**Exercise objective:** Pictures in the material below are to be left out, and only the lines from the line with "november) Vårterminen 2011" up to and including the line with "Dover 32nd Annual" are to be written out exactly.

+++ Material to process

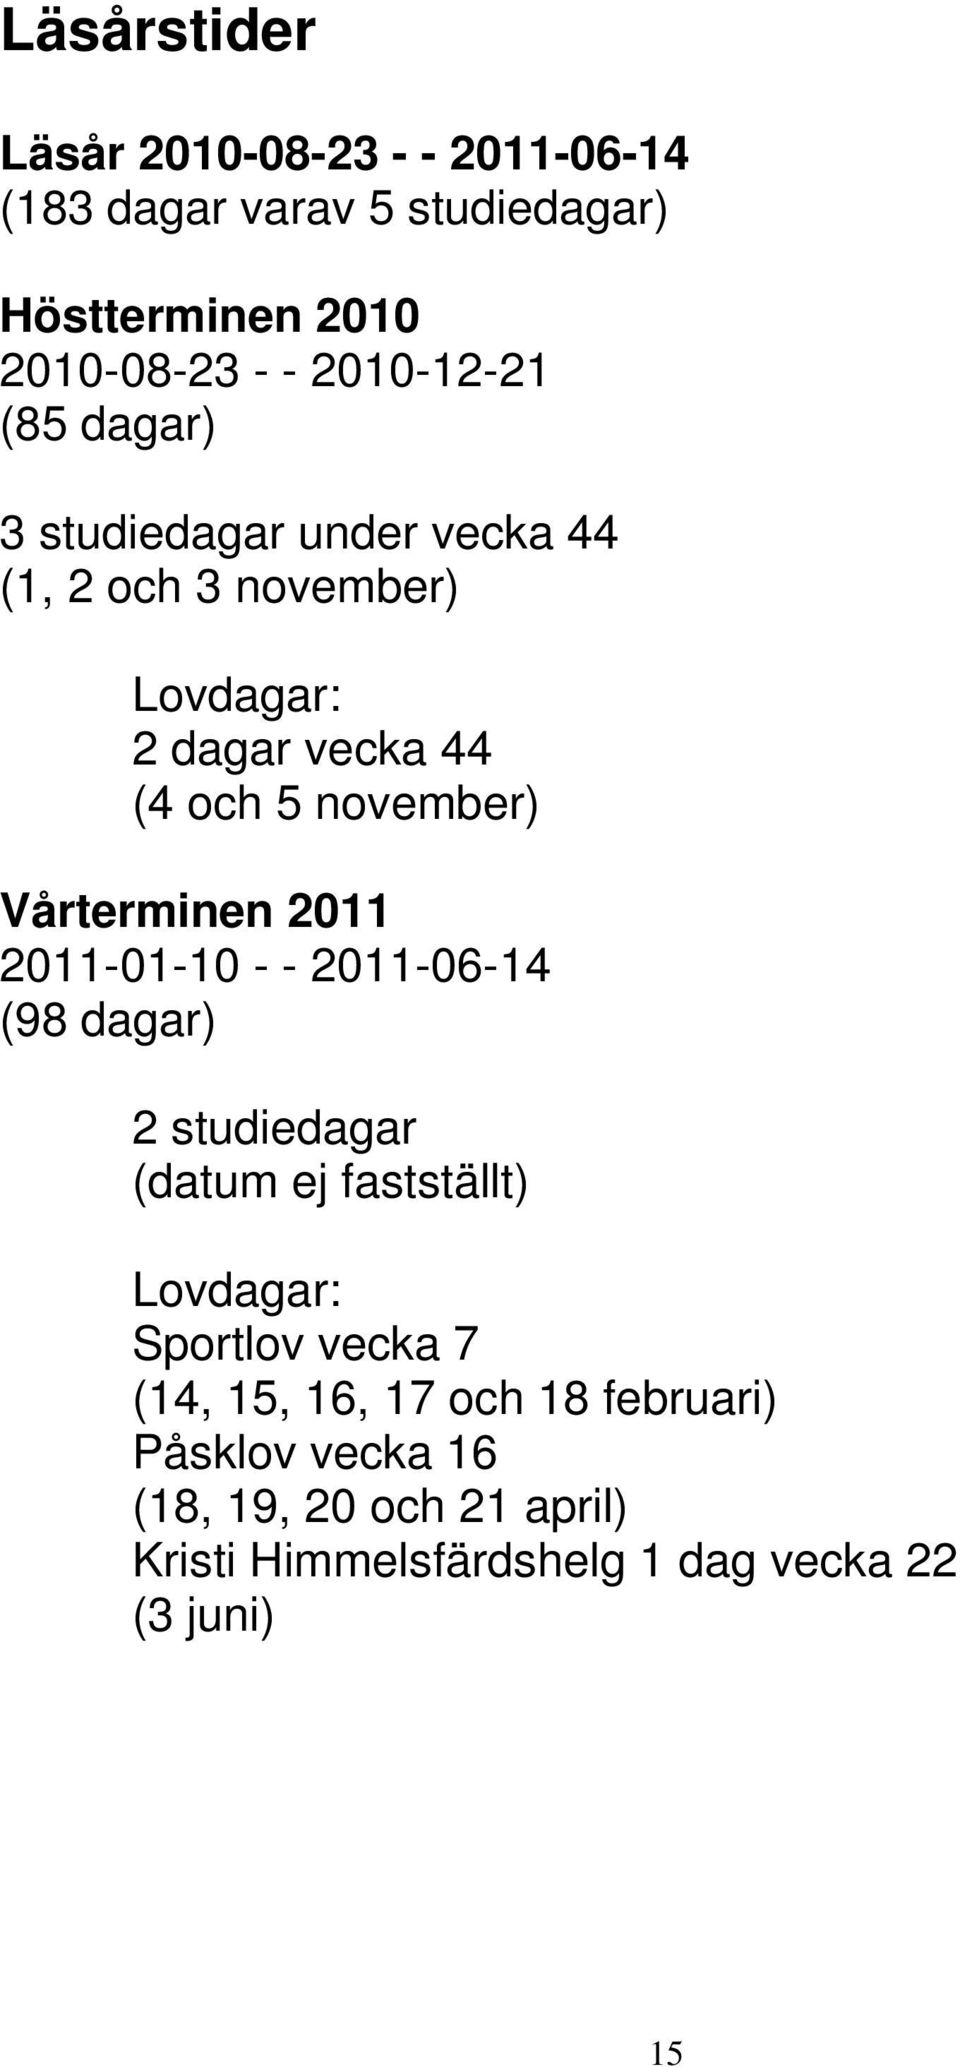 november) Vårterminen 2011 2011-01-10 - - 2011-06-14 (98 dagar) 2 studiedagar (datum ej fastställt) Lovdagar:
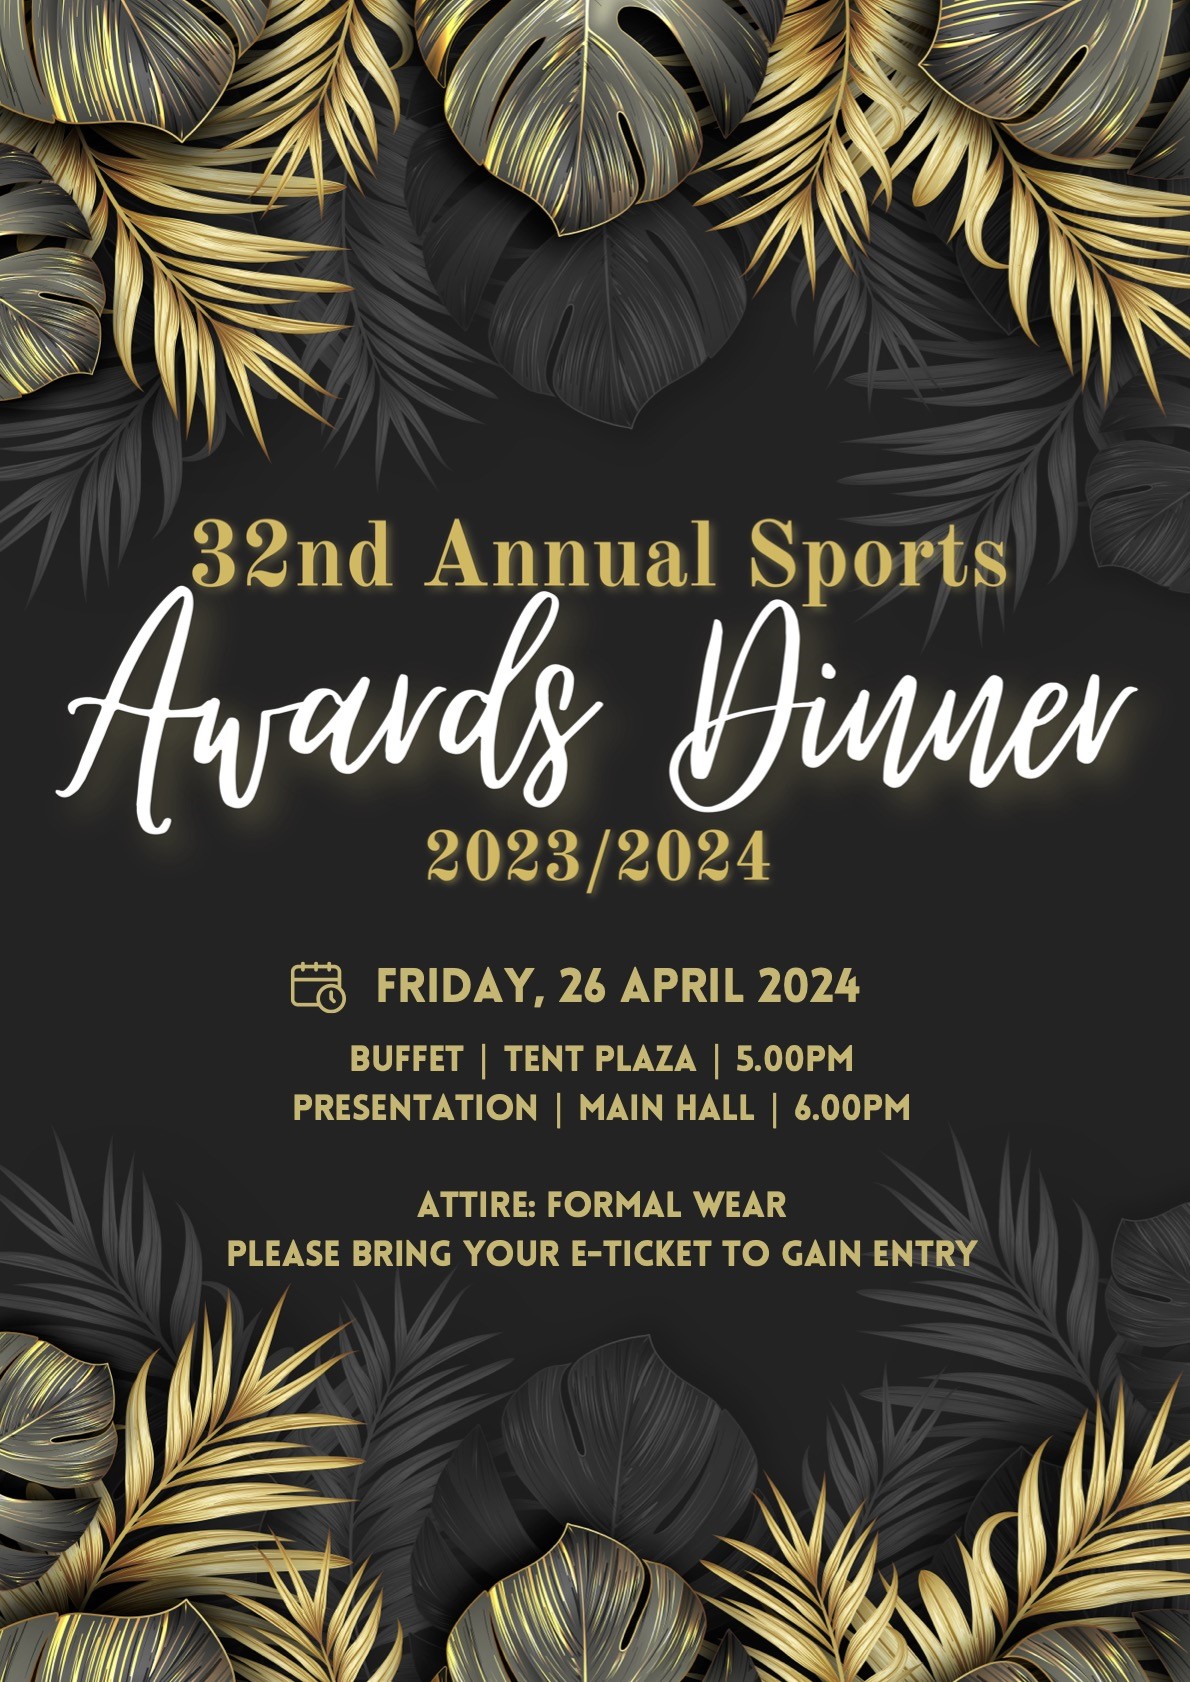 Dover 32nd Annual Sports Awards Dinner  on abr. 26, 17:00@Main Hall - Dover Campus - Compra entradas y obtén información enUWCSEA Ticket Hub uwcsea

++++++
+++ Material to process

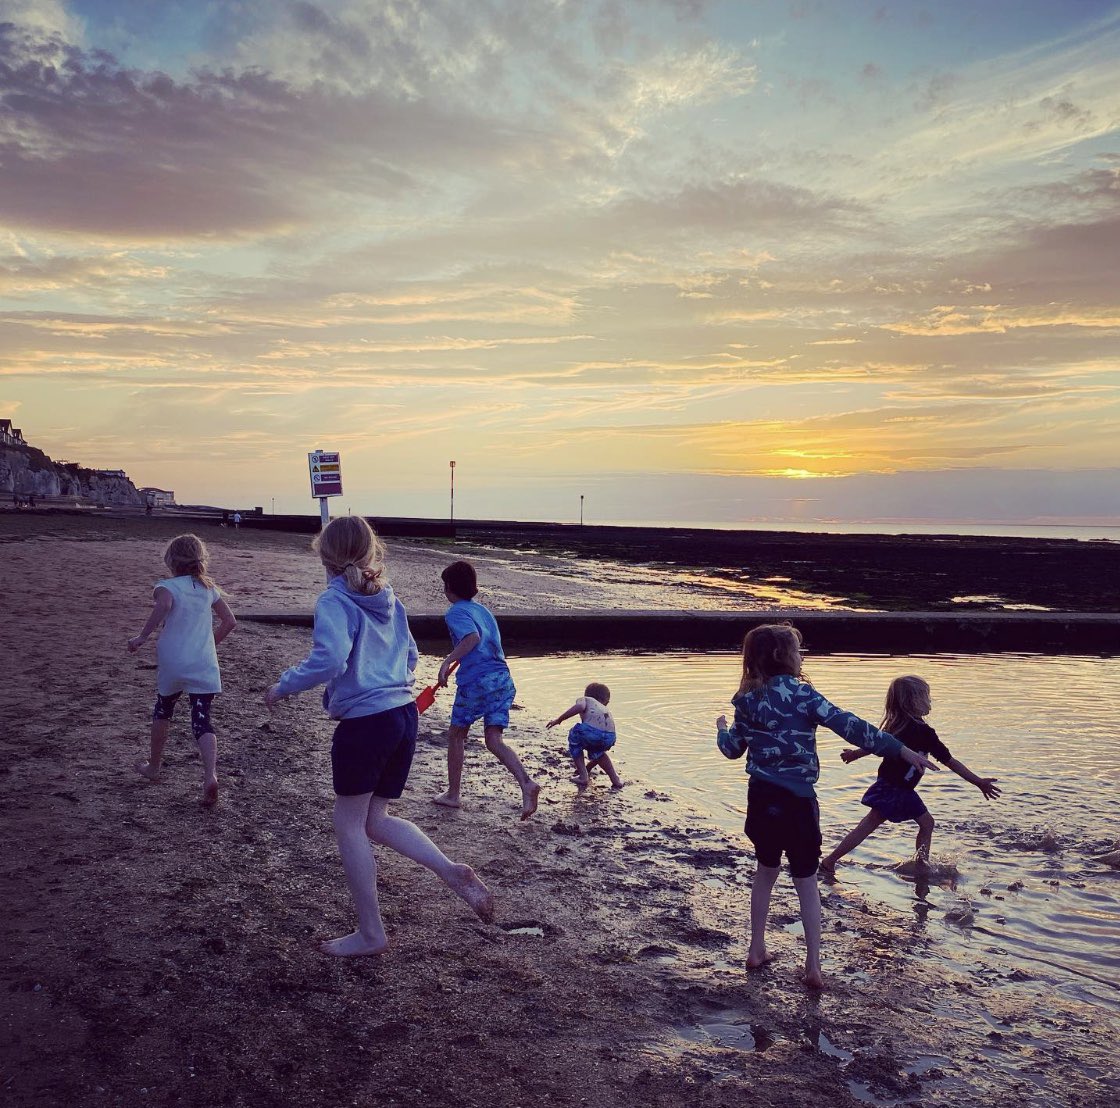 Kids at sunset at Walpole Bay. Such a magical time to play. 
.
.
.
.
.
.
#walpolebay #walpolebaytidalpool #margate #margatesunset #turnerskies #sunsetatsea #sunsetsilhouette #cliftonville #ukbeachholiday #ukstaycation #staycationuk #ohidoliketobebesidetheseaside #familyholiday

++++++

**Written reply:**
 november) Vårterminen 2011 2011-01-10 - - 2011-06-14 (98 dagar) 2 studiedagar (datum ej fastställt) Lovdagar:
 Dover 32nd Annual Sports Awards Dinner  on abr. 26, 17:00@Main Hall - Dover Campus - Compra entradas y obtén información enUWCSEA Ticket Hub uwcsea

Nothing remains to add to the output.